## Exercise description:
Since the listing below shows pictures, leave them out and write out exactly the lines from the line with "Toy New York" to the line with "Tech Fleece Crew", both included, and no others.

## Input material:
═══

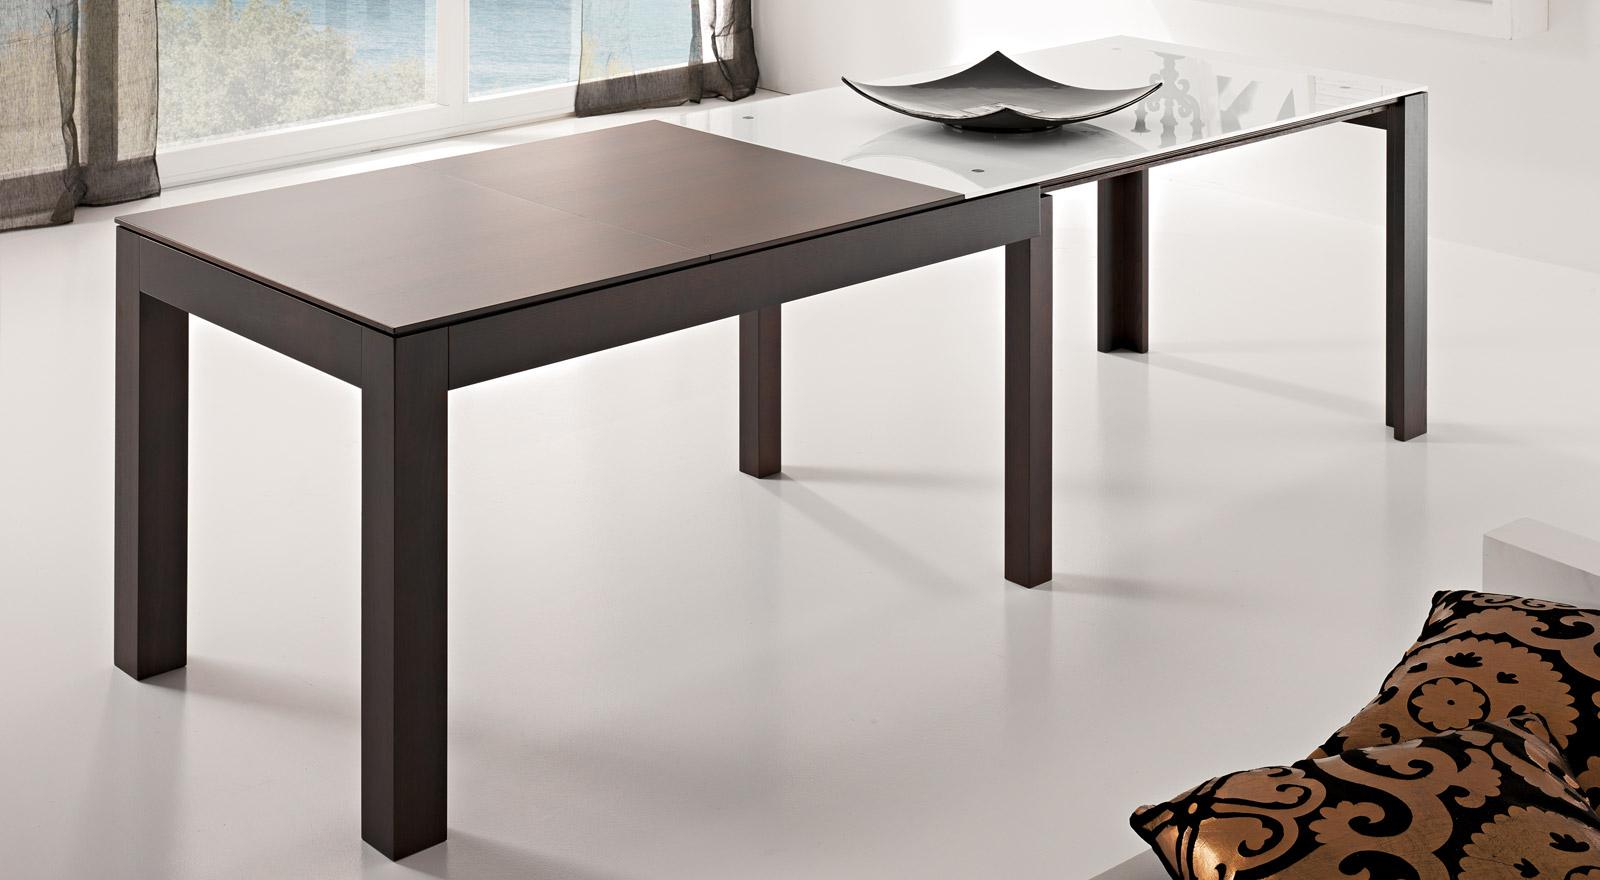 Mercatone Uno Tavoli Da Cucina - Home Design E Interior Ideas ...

═══

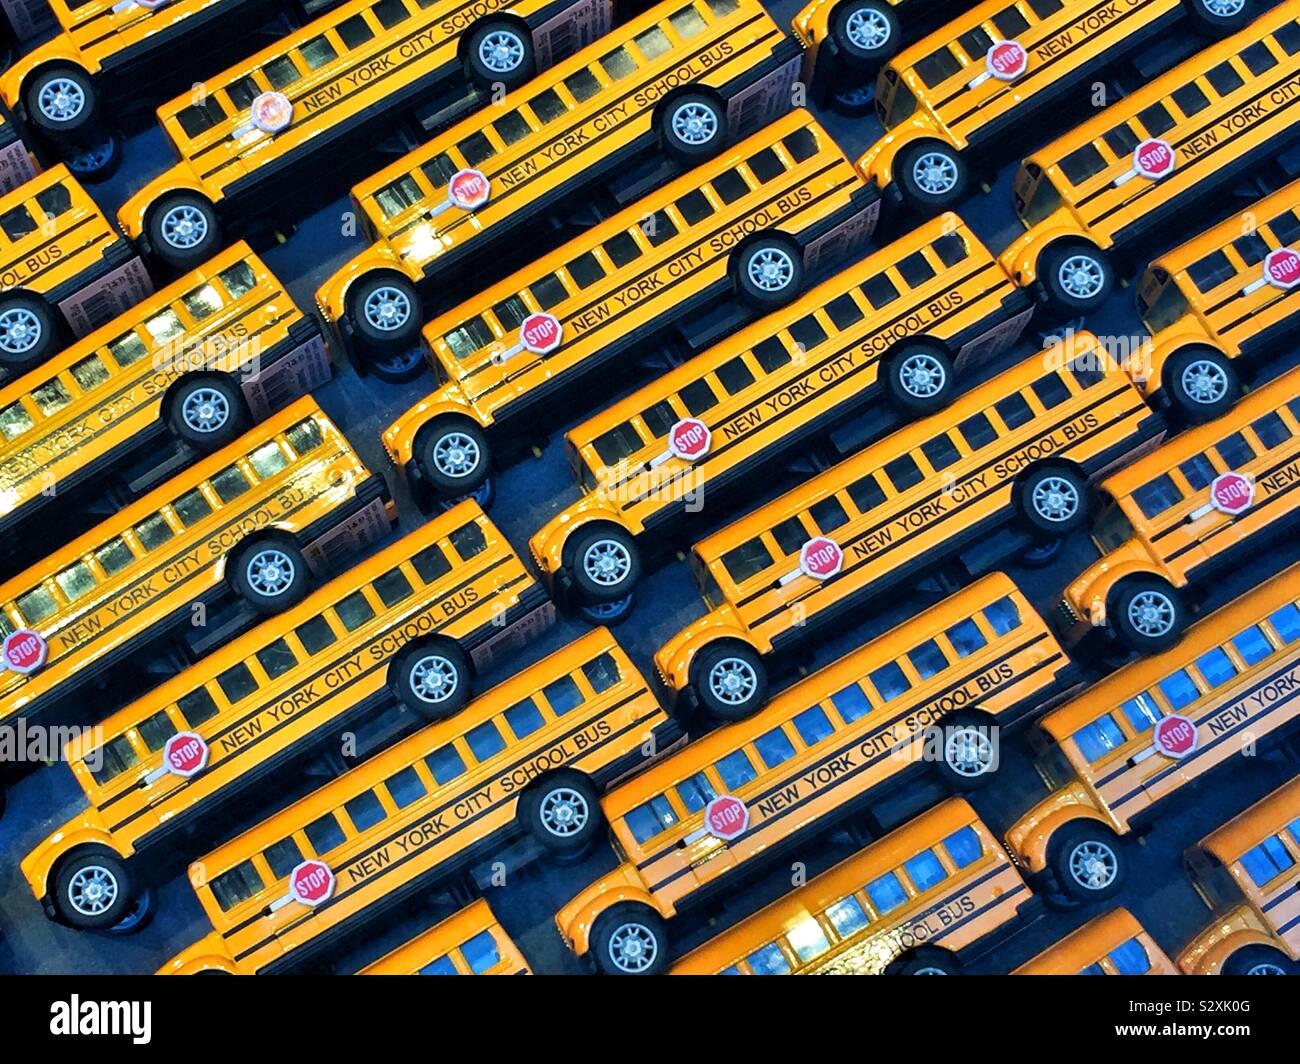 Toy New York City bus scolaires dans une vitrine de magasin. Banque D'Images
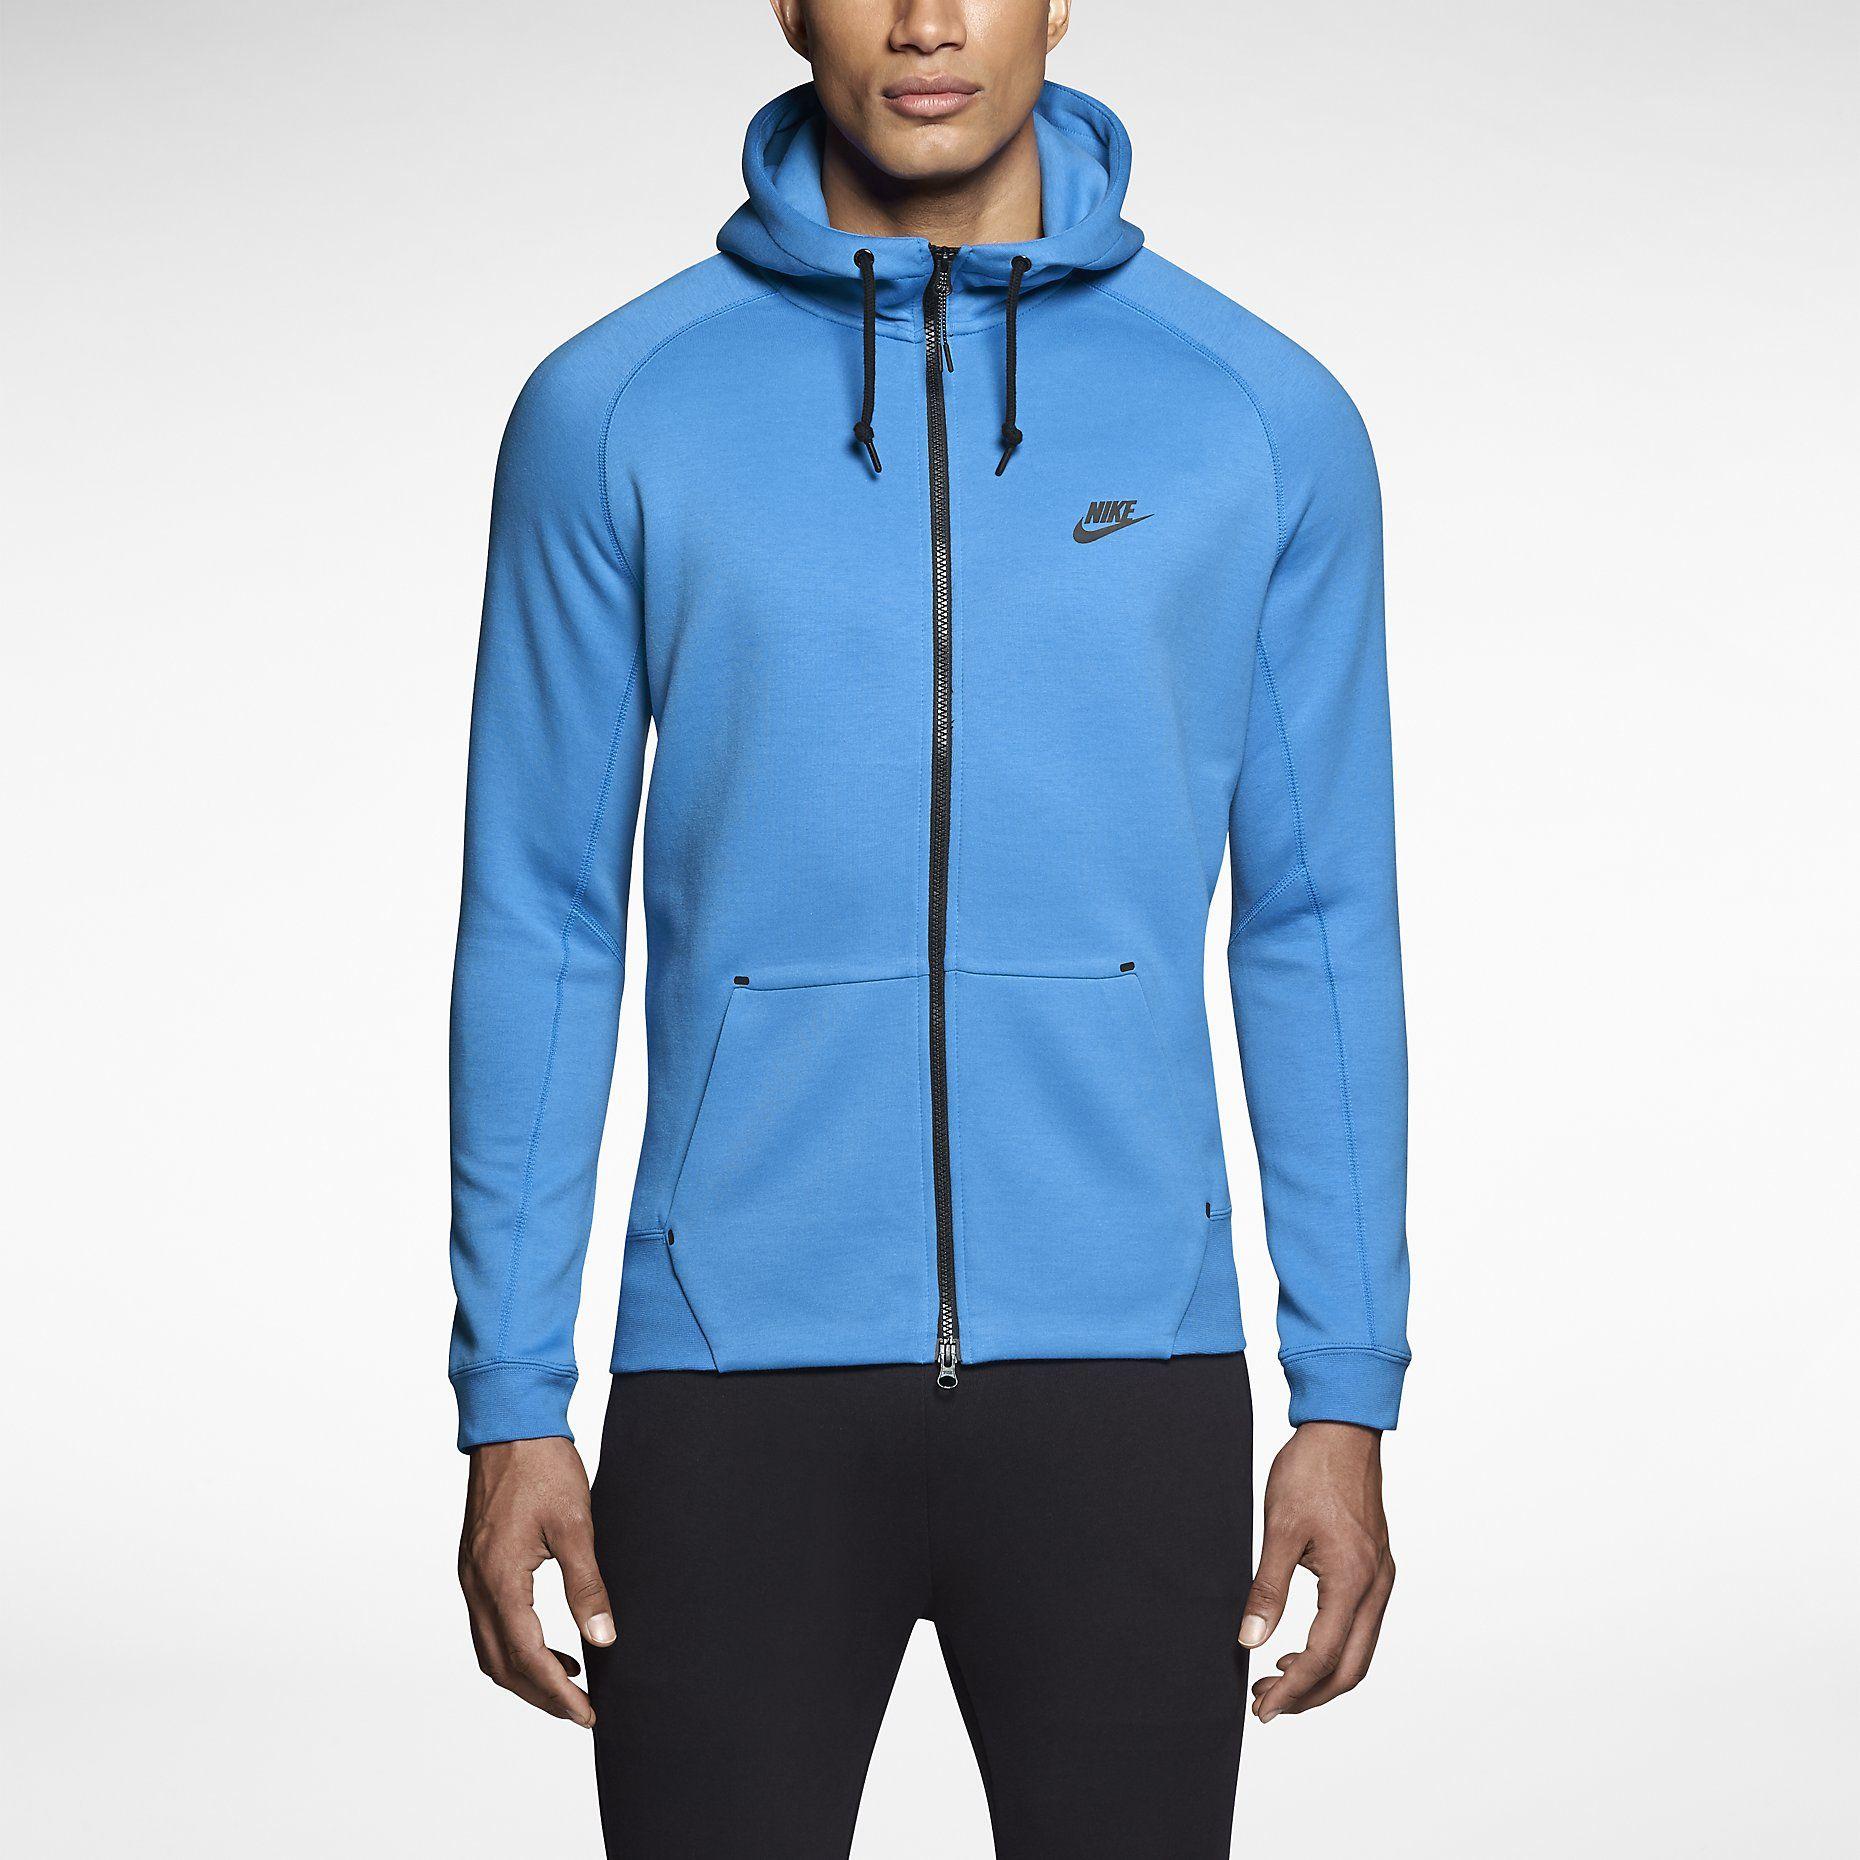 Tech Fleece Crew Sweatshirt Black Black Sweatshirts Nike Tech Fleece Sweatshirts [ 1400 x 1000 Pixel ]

═══

## Solution to the exercise:
 Toy New York City bus scolaires dans une vitrine de magasin. Banque D'Images
 Tech Fleece Crew Sweatshirt Black Black Sweatshirts Nike Tech Fleece Sweatshirts [ 1400 x 1000 Pixel ]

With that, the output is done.